Stennis, SLS core stage teams reflect on Green Run campaign
Coalition Member in the News – Boeing
NASAspaceflight.com (7/5): A look back at NASA’s Space Launch System (SLS) Green Run campaign, a challenging effort to ground-test the rocket’s core stage and its four RS-25 engines over 2020 and into 2021 to prepare for Artemis I. The staff involved speak about the challenges of the Green Run, from the COVID-19 pandemic to modifying the infrastructure at Stennis due the core stage’s size.

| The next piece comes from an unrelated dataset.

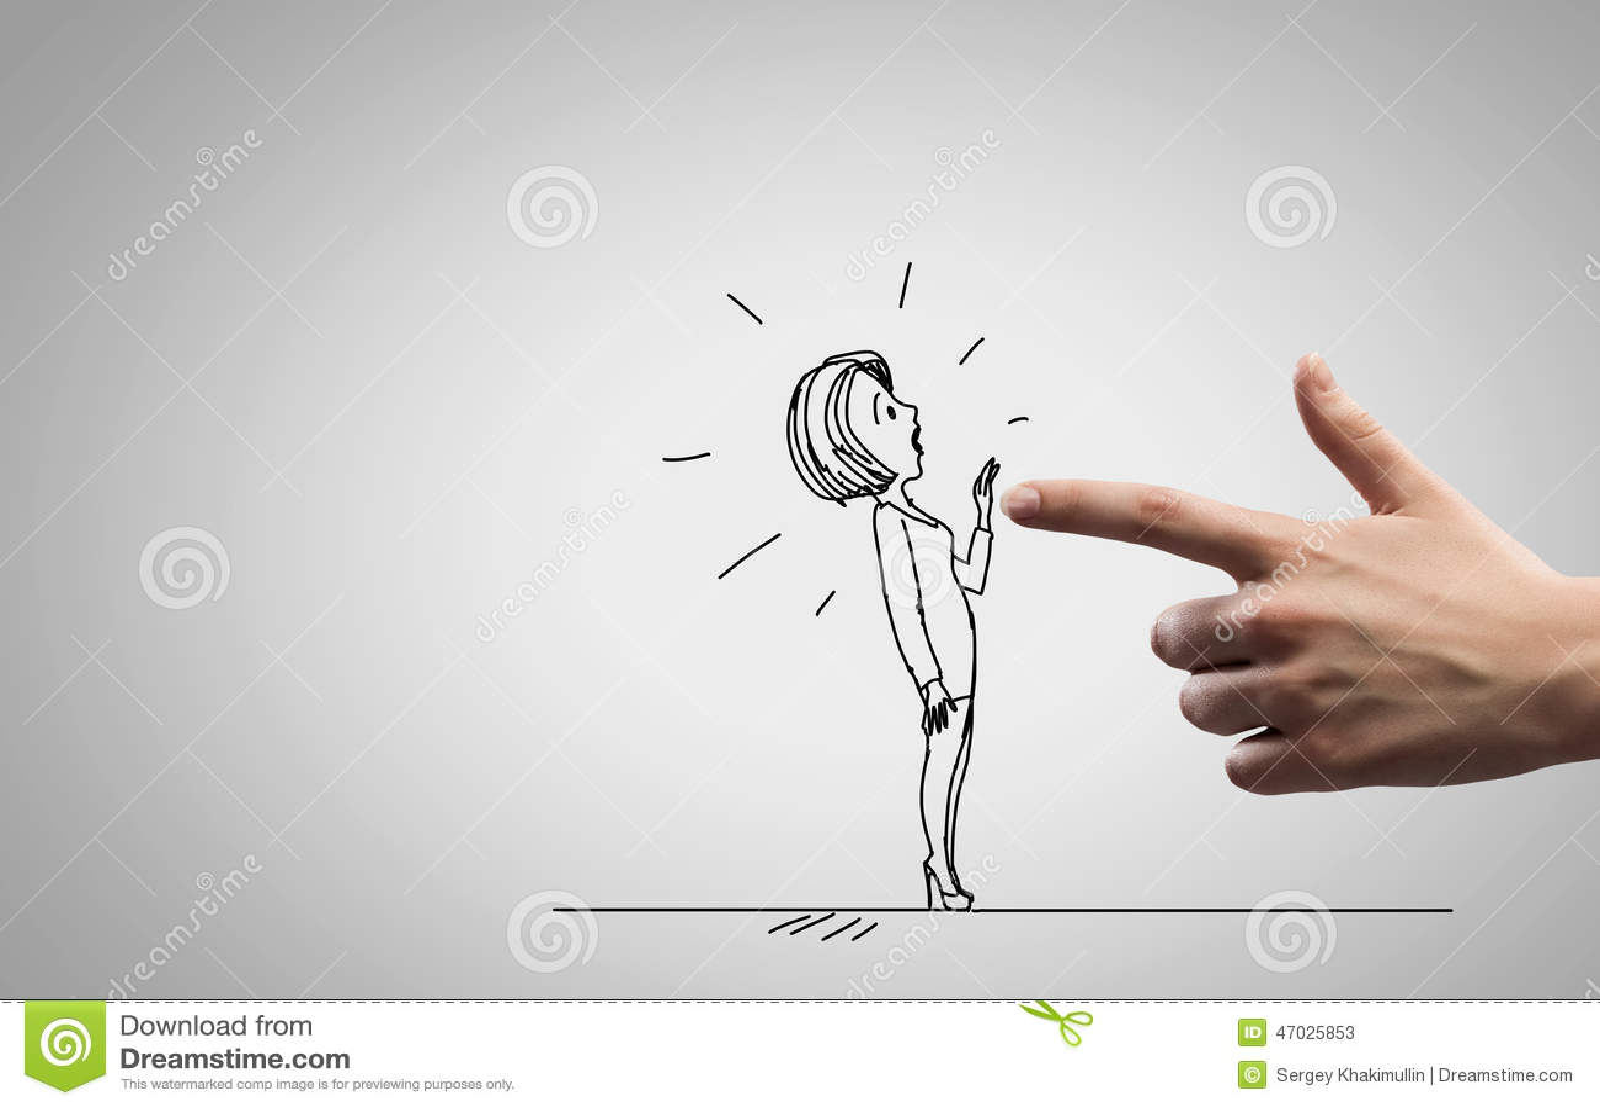 Caricature Drôle Illustration Stock - Image: 47025853

Lunar exploration as a service: From landers to spacesuits, NASA is renting rather than owning
Coalition Member in the News – United Launch Alliance
SpaceNews.com (7/5): NASA’s Human Landing System (HLS) and spacesuits are the latest examples of efforts by NASA to incorporate the U.S. commercial sector into the agency’s human space exploration arena. The mechanism, though, has brought complaints from some scientists flying experiments on Commercial Lunar Payload Services (CLPS) program, for example, who have said that NASA’s approach of buying payload space on commercial landers shifts the technical burden, and costs, onto researchers, adding that scientists must now come up with their own solutions to issues like thermal control. The next frontier for commercial services at the Moon may involve communications and navigation infrastructure.

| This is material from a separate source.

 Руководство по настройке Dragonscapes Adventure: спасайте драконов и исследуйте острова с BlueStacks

Astronauts at China’s new space station conduct first spacewalk
Agence-France Press (7/4): Chinese astronauts Liu Boming and Tang Hongbo went on a seven-hour spacewalk Sunday outside China’s new space station, Tiangong, whose assembly began in late April. The spacewalkers installed an external camera and worked to prepare the station’s robotic arm for future space station assembly activities. The spacewalk is the second by Chinese astronauts.

 

Space Science

JWST passes launch review
SpaceNews.com (7/6): The European Space Agency (ESA) announced that it had successfully completed the final mission analysis review for the launch of the James Webb Space Telescope (JWST) along with Arianespace, the telescope’s launch service provider. The analysis confirmed that Ariane 5, the vehicle that will launch JWST, and the observatory itself, are set for launch. It also confirmed that all aspects of the launch vehicle and spacecraft are fully compatible.

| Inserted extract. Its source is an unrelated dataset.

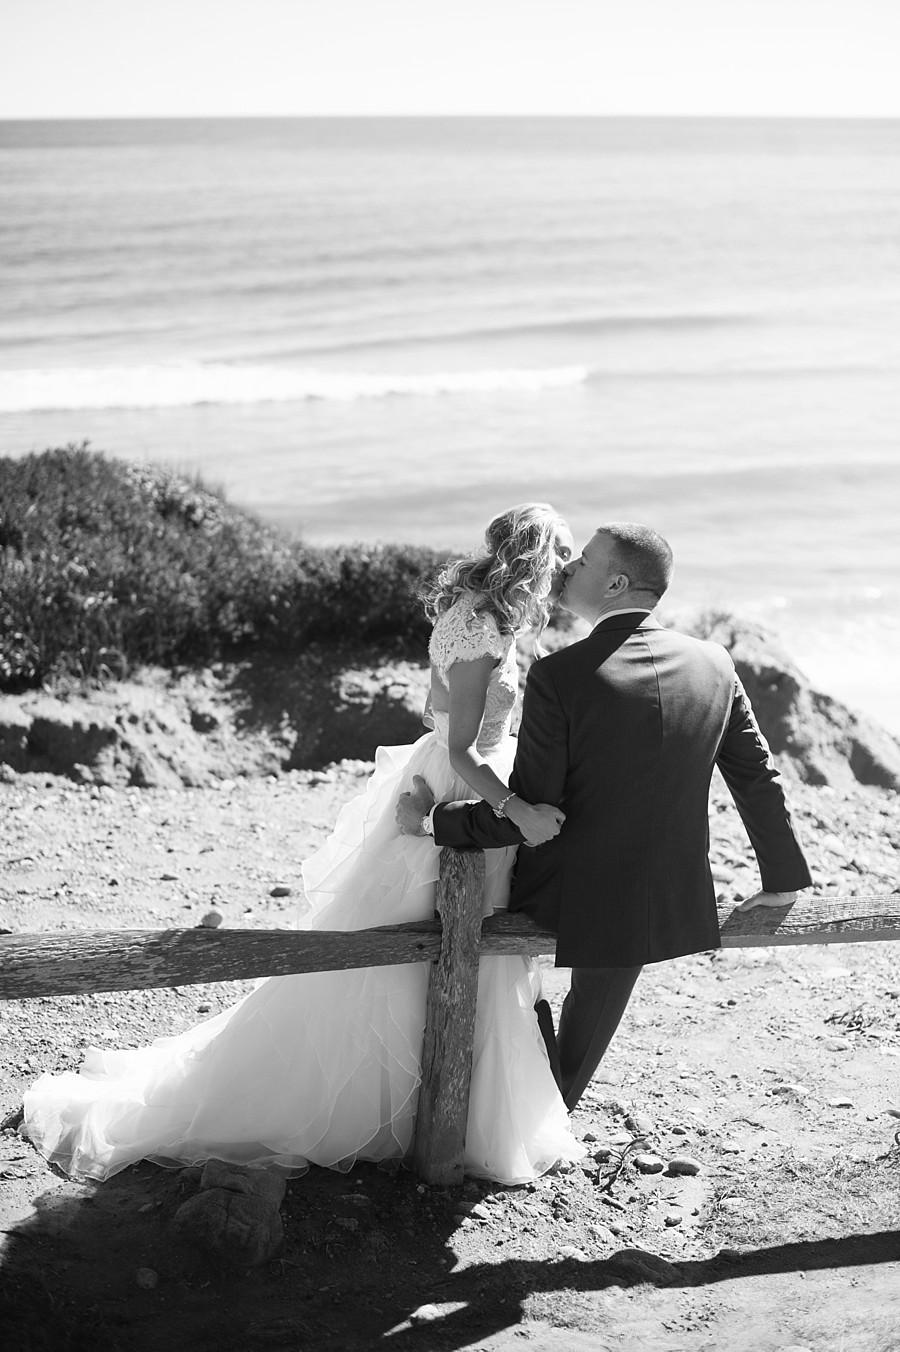 Sole_East_Montauk_Wedding_MS_31.jpg

Europe’s ExoMars parachute still experiencing problems in drop test
Space.com (7/2): ExoMars, a joint European and Russian initiative to place a lander and rover on Mars, continues to experience difficulties with the parachutes intended to help slow the spacecraft to a landing in the thin atmosphere surrounding the Red Planet. The difficulties forced the European Space Agency (ESA) to delay the launch in mid-2020, when the Earth and Mars were favorably aligned. The European and Russian partnership now plans the ExoMars launch in September 2022.

 

Major Space Related Activities for the Next Two Weeks

Major space related activities for the next two weeks: July 4 to 17, 2021
Coalition Member in the News – Boeing
SpacePolicyOnline.com (7/5): July promises news on the suborbital tourism spaceflight front. Virgin Galactic founder Richard Branson is scheduled to take flight with five company employees aboard VSS SpaceShipTwo Unity on July 11 from Spaceport America in New Mexico. Blue Origin is scheduled to follow on July 20 with the launch from West Texas of New Shepard with Jeff Bezos and his brother Mark, Wally Funk, and a yet-to-be-named paying guest. The House Appropriations Committee will finish marking up all 12 FY2022 appropriations bills by the end of next week, with a plan to pass them all by the end of the month. Subcommittee and full committee markups of CJS (NASA/NOAA) are on July 12 and July 15, and of THUD (FAA Office of Commercial Space Transportation) on July 12 and July 16. The American Astronautical Society’s John Glenn Memorial Symposium takes place on July 13-15.